You’ll Go Broke Eventually If You Play Every Hand

This post received overwhelmingly positive feedback from my public Twitter community.  It is advice that I gave to a friend of mine a few years ago when he would ask me about multiple different trades per day, every day. Just as in poker, playing “every hand” is a sure way to go broke, so is trading “every hand” in the market.

Years ago, I thought my job as a “trader” was to trade every hand, every day. If something started to move, I felt it was my obligation to go after it. As a result, this caused a significant amount of over-trading, excess losses and cutting some potentially big winners short. FOMO, fear of missing out, causes many to drastically overtrade in pursuit of catching the “next big trade”. Traders often get out of a profitable winning trade simply because they lose patience with it, to move money into a seemingly better trade. Often, the end result is the prior trade continues much higher, the new trade doesn’t work out, and once again, the trader would have been better off to do nothing and just sit in their winner.

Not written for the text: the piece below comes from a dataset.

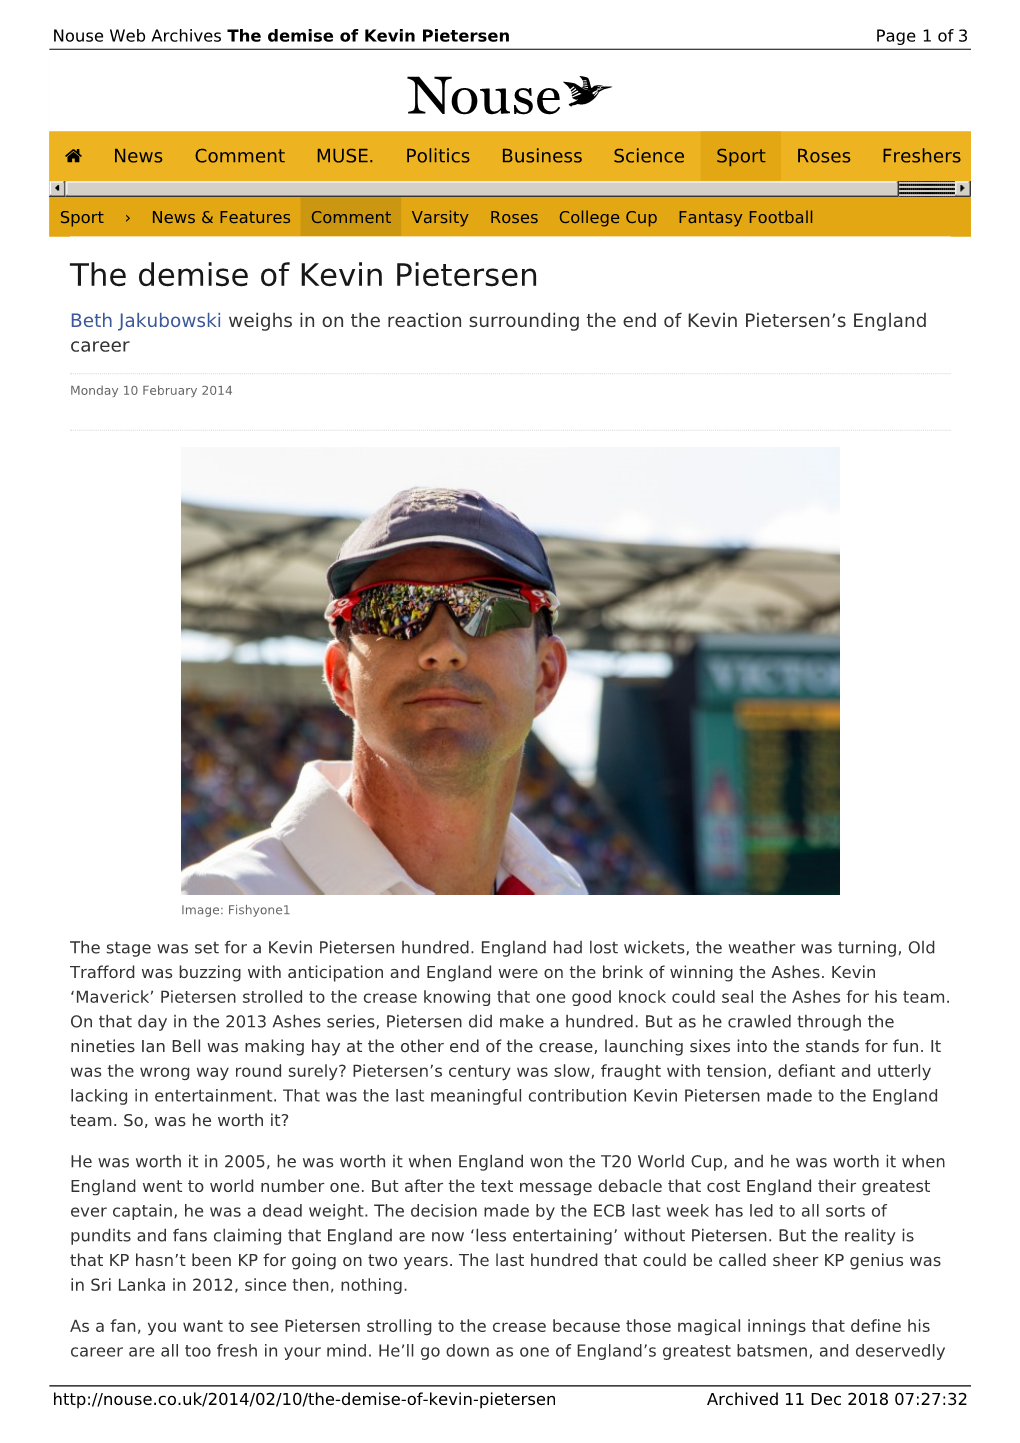 The Demise of Kevin Pietersen | Nouse
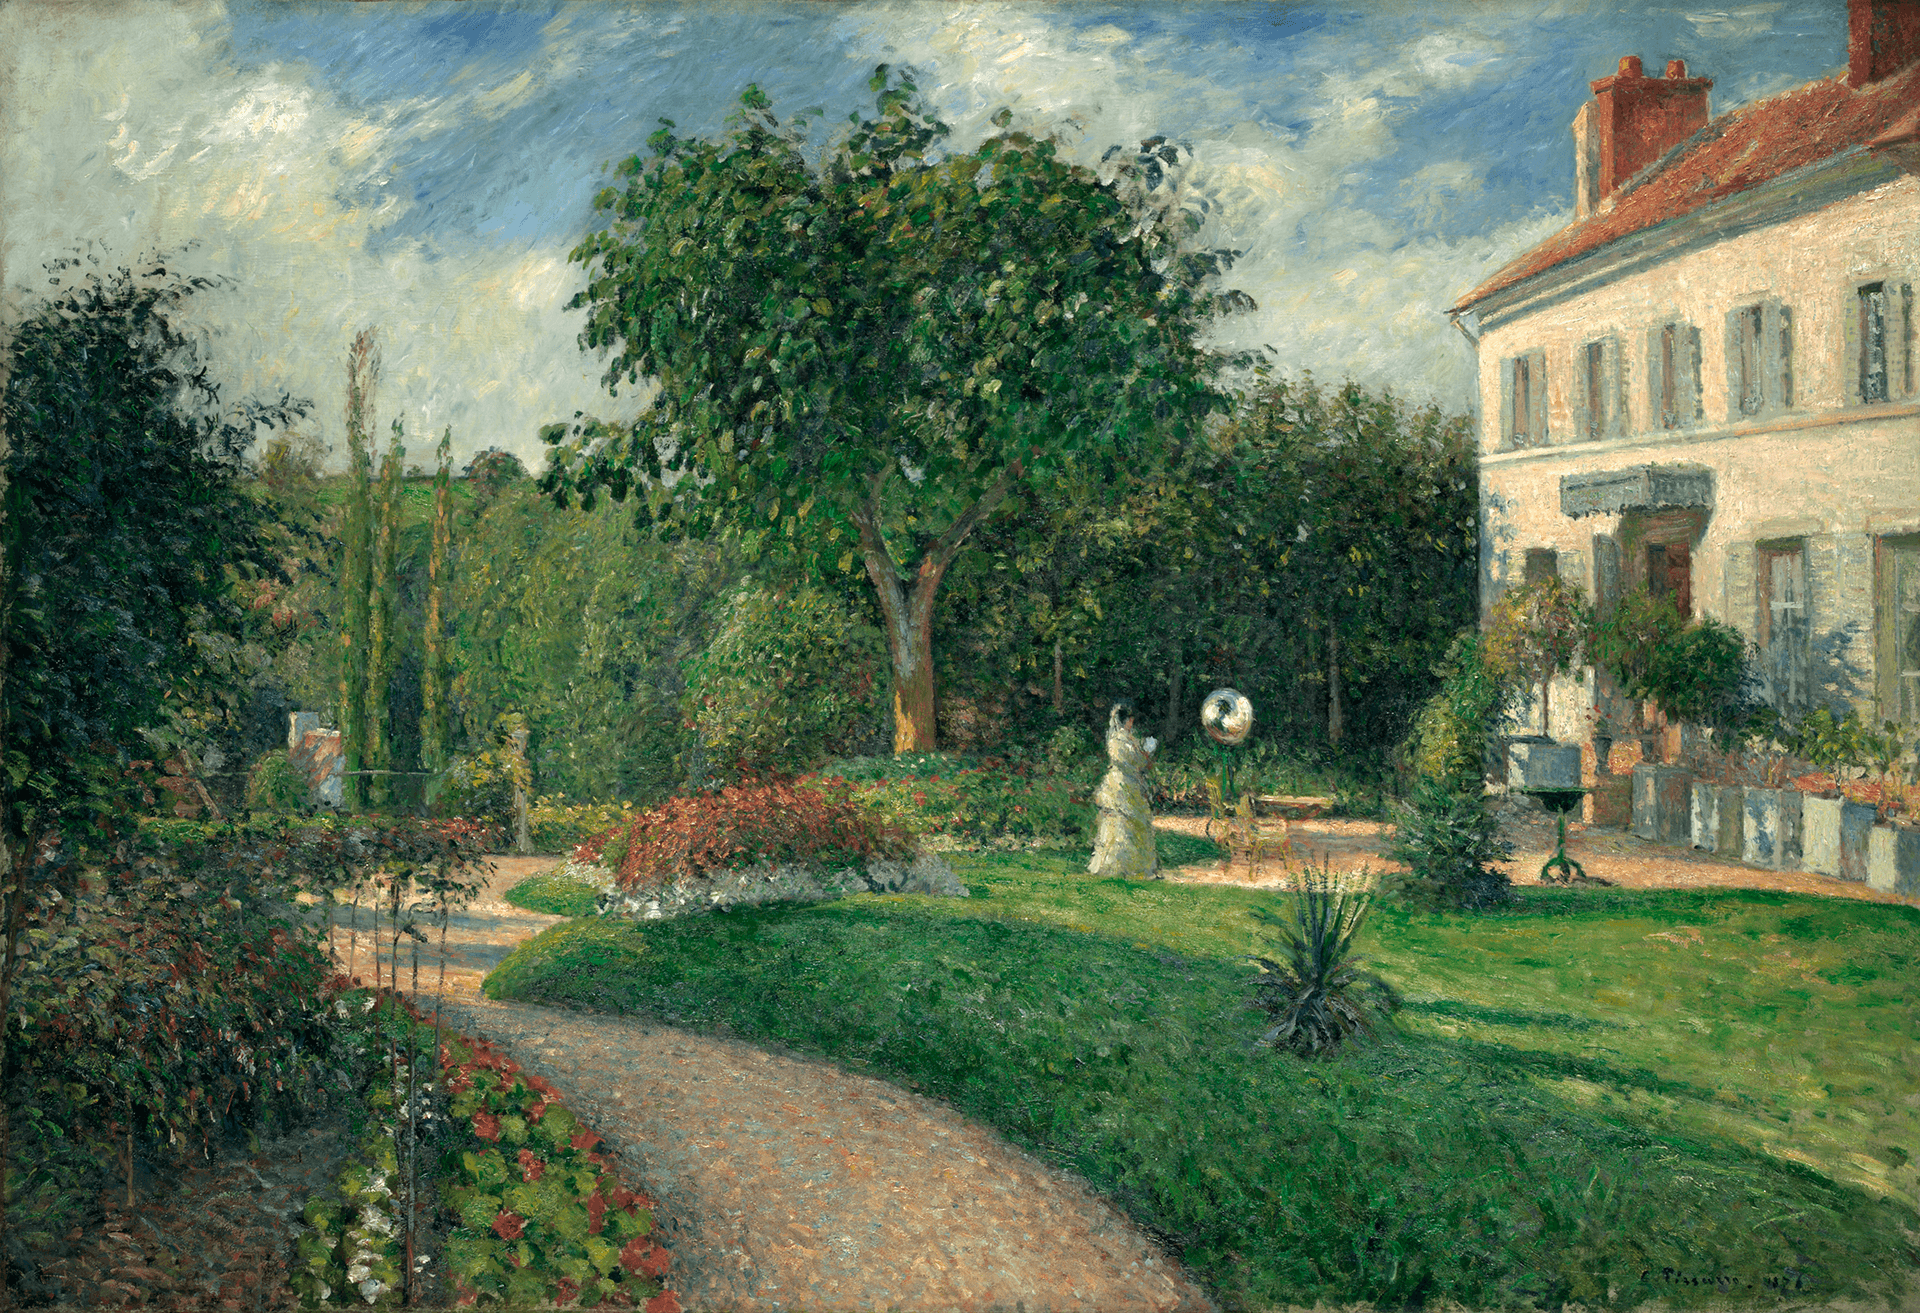 A path leads through a blooming garden. A white house is at the right and a woman stands before it

I woke up to this reality over a decade ago, after seeing a few big early winners continue higher without me, as I chased one stock after another. This point was crystallized when I read about Jesse Livermore, and his key concepts of the big money being in the big move, and “sitting” in big winners. As I developed as a trader and moved into the systematic trading realm, I devoted a considerable amount of time to system design, diversification and position sizing. Now, when I get into a trade, I size the risk accordingly, set my stops based on pre-defined criteria, and then I do nothing. Everyone wants big winners, but not everyone has the patience to sit in a protracted uptrend.

My position management follows a few key basic premises:

Does my overall risk exposure and allocation allow me to add another position?

Does the technical setup and chart fit into my technical process or not? If it does, then it is open to further analysis, if not, I pass. 

By trading with a rules-based process, once the trade is placed, and the stop is in, there is nothing left to do but let the trade go to work. Stops in, emotions out. By approaching trading this way, I avoid cutting positions early simply to move into another position that “looks” better or more promising. Some trades work out, some do not, but jumping from trade to trade with no rules-based approach is often very costly.